*Uncomfortable Topics

Sexual Assult
Institutional Abuse
Depression
Suicide

Set the Scene

Publishing Date: Jan 1st, 1963
Publishing Location: United States
Author Nationality: White American

the bell jar by sylvia plath

The First President’s Commission into the Status of Women was launched in 1960, examining legislature and advocating for policy that protected and expanded women’s rights, and Elenor Rosevelt was the chair. The findings of the commission were integrated into daily news and heavily quoted for fighting for workplace equality, and lack of implementation on the findings fueled the beginning of the Second Wave.

1963 was a big year for American Feminism. Officially considered the first year of second-wave feminism, this was the year Betty Friedan published The Feminine Mystique, and Gloria Steinem published an inside look at being a Playboy Bunny. Women were becoming tired of the overbearing Maddona/Whore complex, and housewives wanted more freedom and control over their lives. Women couldn’t even open bank accounts without a father or husband’s permission.

About the Author

Sylvia Plath had published one work of poetry before she decided to publish the book under a pseudonym 4 weeks before she took her own life. Later, a collection of unpublished works by the poet were released.
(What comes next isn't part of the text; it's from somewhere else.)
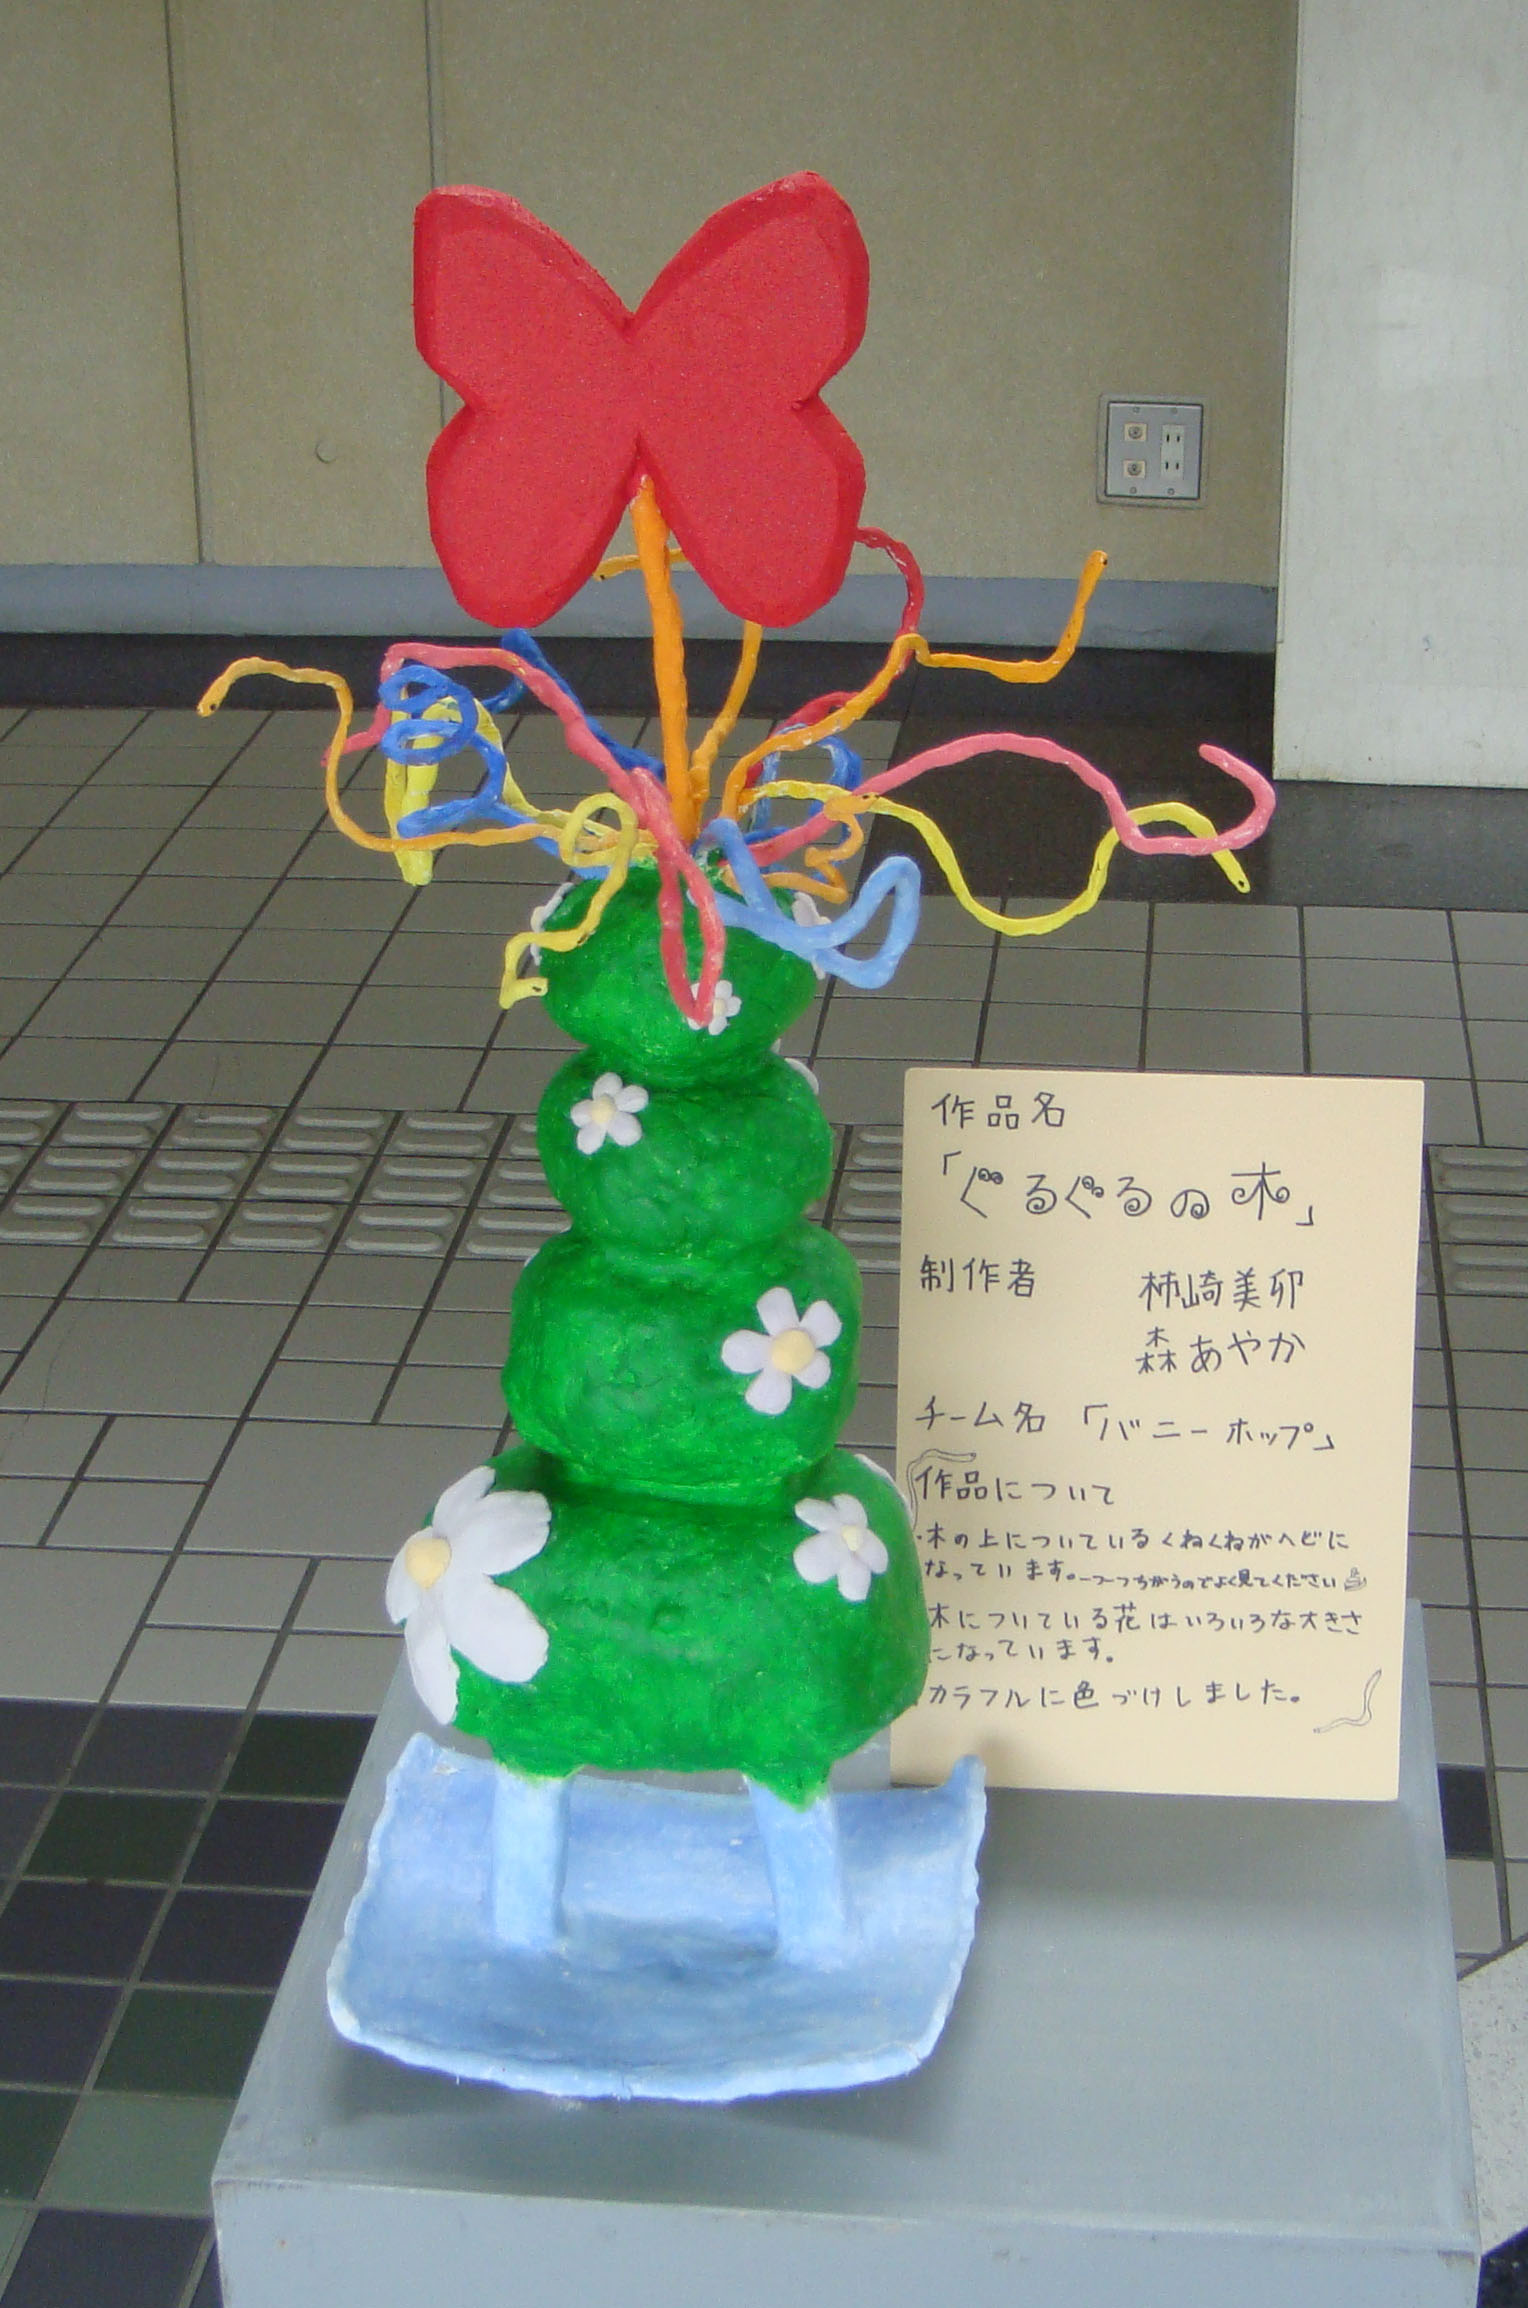 「千曲アートコンペ 2011」の1_e0226943_0305477.jpg

While the book is a semi-autobiography, the names and places have been changed in the book. Plath grew up in Winthrop, Massachusetts, attended Smith College and was a guest writer at Mademoiselle in New York for a summer.

She married another poet, Ted Huges, when she was attending a women’s college in Cambridge and they later moved back to the states where Plath raised 2 boys.

The Story

When I read other reviews by women who first read this in college, or shortly thereafter, say they still feel the cage of being treated as a product to be sold, and of coming of age to realize your hard work still won’t be taken as seriously as a man’s. Greenwood is at the top of her class and wins a scholarship to write in New York, where she impresses her editor and still feels as if she doesn’t have a say in her future.
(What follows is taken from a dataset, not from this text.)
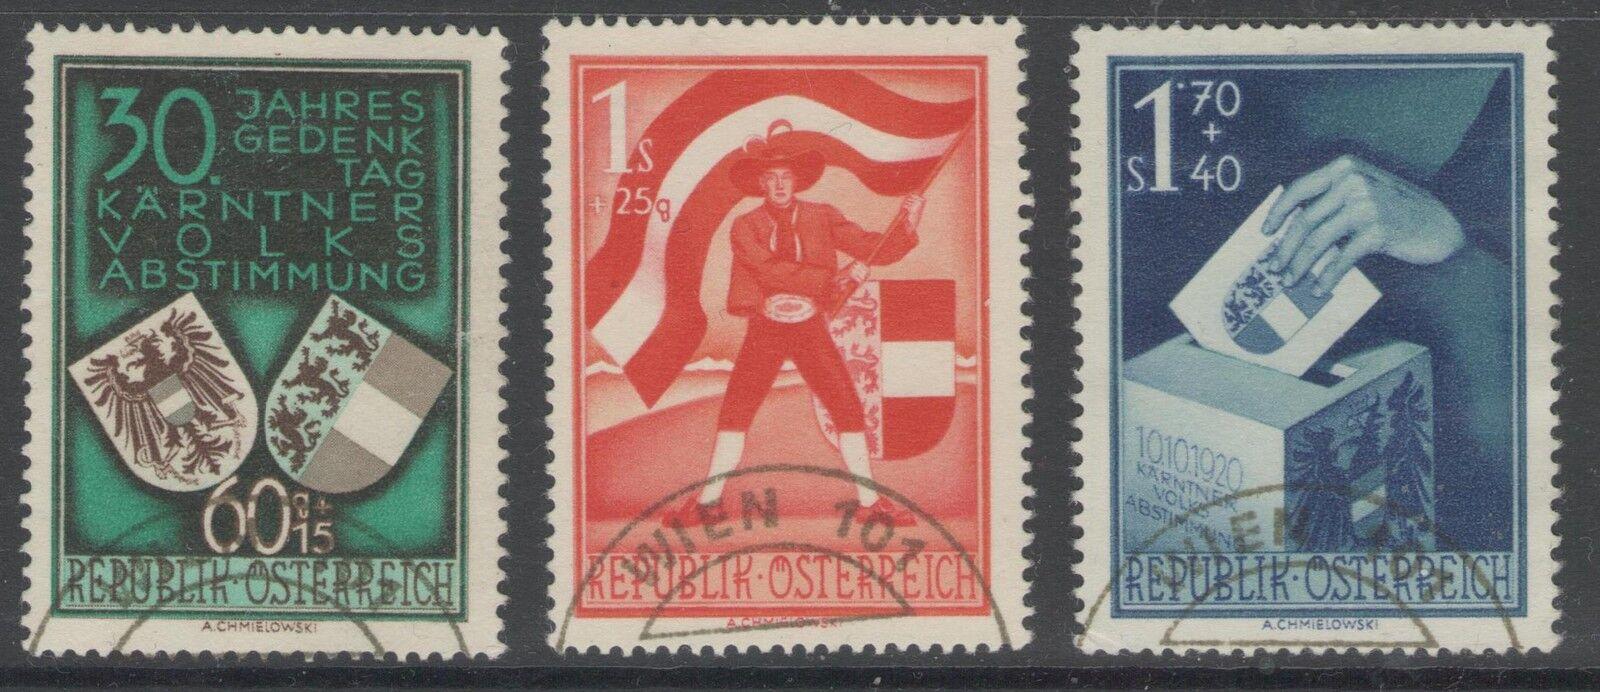 AUSTRIA SG1212/4 1950 PLEBISCITE FINE USED

When Ester moves back home and falls into a deep depression, and attempts to take her life multiple times unsuccessfully until she is put in an asylum. The treatments are terrifying but the time alone leads to introspection that helps Ester eventually break free.
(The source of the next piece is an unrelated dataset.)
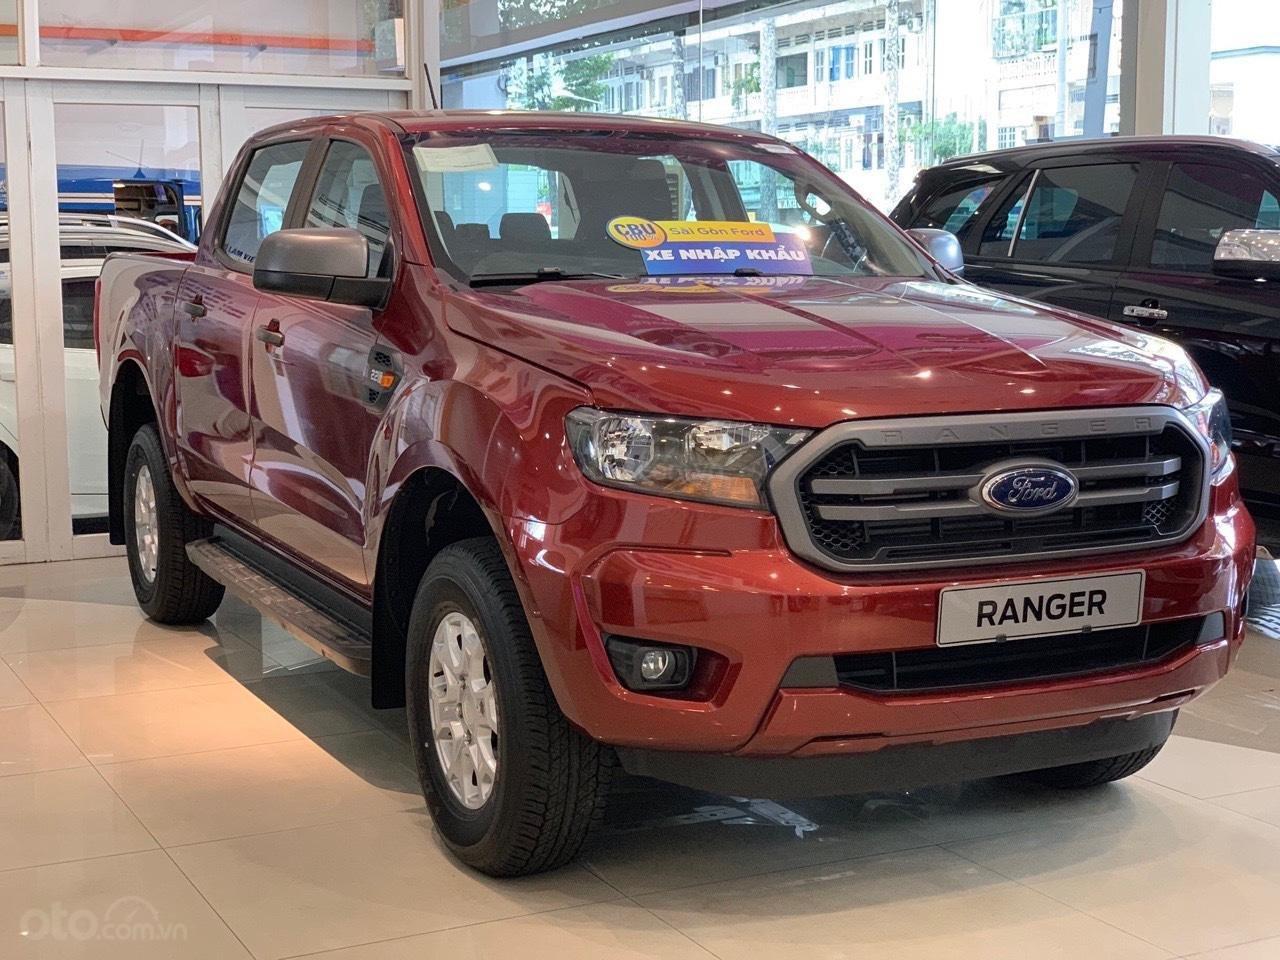 Ford Ranger XLS khuyến mãi lớn trong tháng và tặng phụ kiện (2)

If you’ve ever experienced mental health issues or depression, the clear visuals in this book will resonate with you. Her bleak descriptions of her symptoms never let you know when she has fully broken.

The majority of the trap for Ester is marriage and the fact that women were living their lives supporting men. Her relationship with her college boyfriend is strife with emotional and mental abuse. The question of who will marry her is asked again and again. She does not want to work for a man, but would like to make her own materials, and she found few ways to employ herself using the brain she was praised so highly for.

Constantly, Ester is racked with feelings of inadequacy and indecision. She is far from indifferent, with strong opinions she rarely finds the words to voice out loud. If she had decided to start taking up more space, would she have felt like life was worth living longer?

Topics & Takeaways

There are many ways that Ester talks about the bleakness of the aftermath of sexual assault. Instead of trying to open up and look for help, she has to keep quiet and it contributes to her alienation from men.

Sexual assault is still heavily present in women’s lives to this day. There was a recent study in the UK showing that men have sexually harassed every woman in the UK. And in response to the sexual assault and finding out that her boyfriend had cheated on her in college, she goes out to try and figure out what it is all about. That’s similar to how I behaved after my first sexual assault. Searching for a way to reclaim your body as your own.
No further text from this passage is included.